Did you listen to the presentation? Feel free to point out any errors & your sources of correct info. What's implausible? What hypotheses have been discredited? Sources?
It's an interest - an interest in sharing what I've learned and done so that others may benefit from it. Nothing was ever debunked in any thread I've posted. I'm still waiting for your "debunking." There's a massive difference between not believing something and actually debunking something via proof that it is false or fabricated. Again, see my signature.
![Smile :)](./images/smilies/icon_smile.gif)
She made the classic error of thinking that correlation proves causation. Her graph shows a correlated increase of glyphosphate use and autism diagnosis but this is not evidence that the former caused the latter. Correlation gives good jumping-off points where research can be done, but is not in itself evidence.
She also over-extrapolated her data, assuming that the current increase in autism diagnoses will continue at precisely the same rate. There is no justification for that assumption.
She also proposed a mechanism for how glyphosphate could cause autism but there is not evidence that this mechanism actually happens the way she thinks it does.
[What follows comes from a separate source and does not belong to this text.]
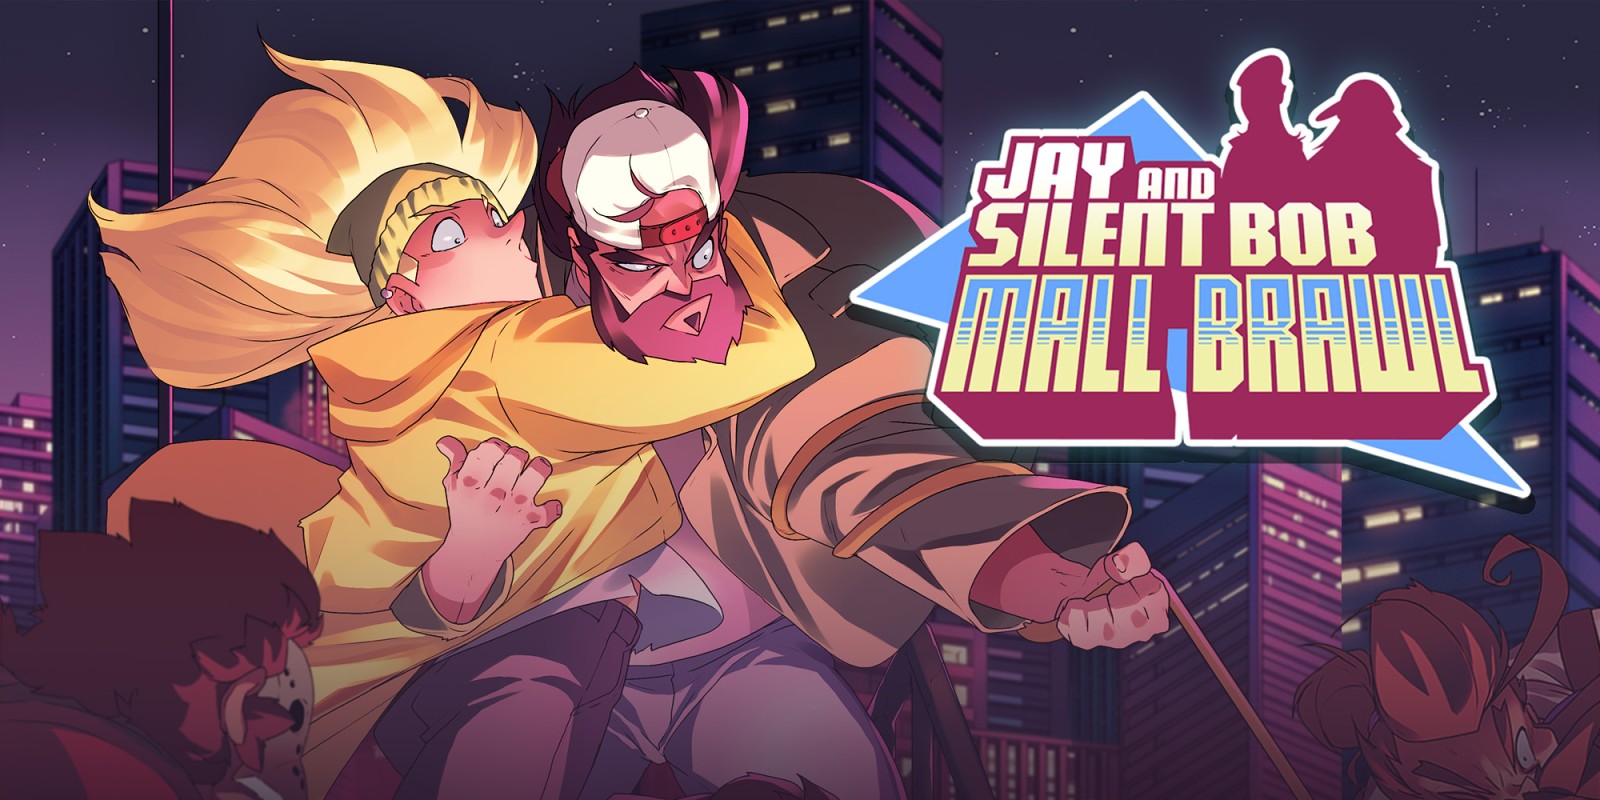 jay-and-silent-bob-mall-brawl

It would make her case a little (little!!) stronger if she could correlate glyphosphate use and autism diagnosis with more than just one variable (time). For instance if she could also look at the variable of demographics and see if autism clusters in populations where glyphosphate exposure is highest (the farm workers who actually use it?). But even that would just be a piece of additional data, not actual proof. She dabbles in doing just that by showing that Americans have higher glyphosphate exposure (and presumably higher autism diagnostic rate?) than Europeans. But then she doesn't address the confounding variable of different health care systems and how that affects diagnostic rate. Of course this would also be a confounder in looking at farm workers (highest glyphosphate exposure?) since they are likely getting different health care than Silicon Valley tech workers (another demographic with documented high autism diagnostic rate).
Teasing apart confounding variables is difficult but it must be done. She doesn't even try. She plows on ahead as if confounding variables don't exist.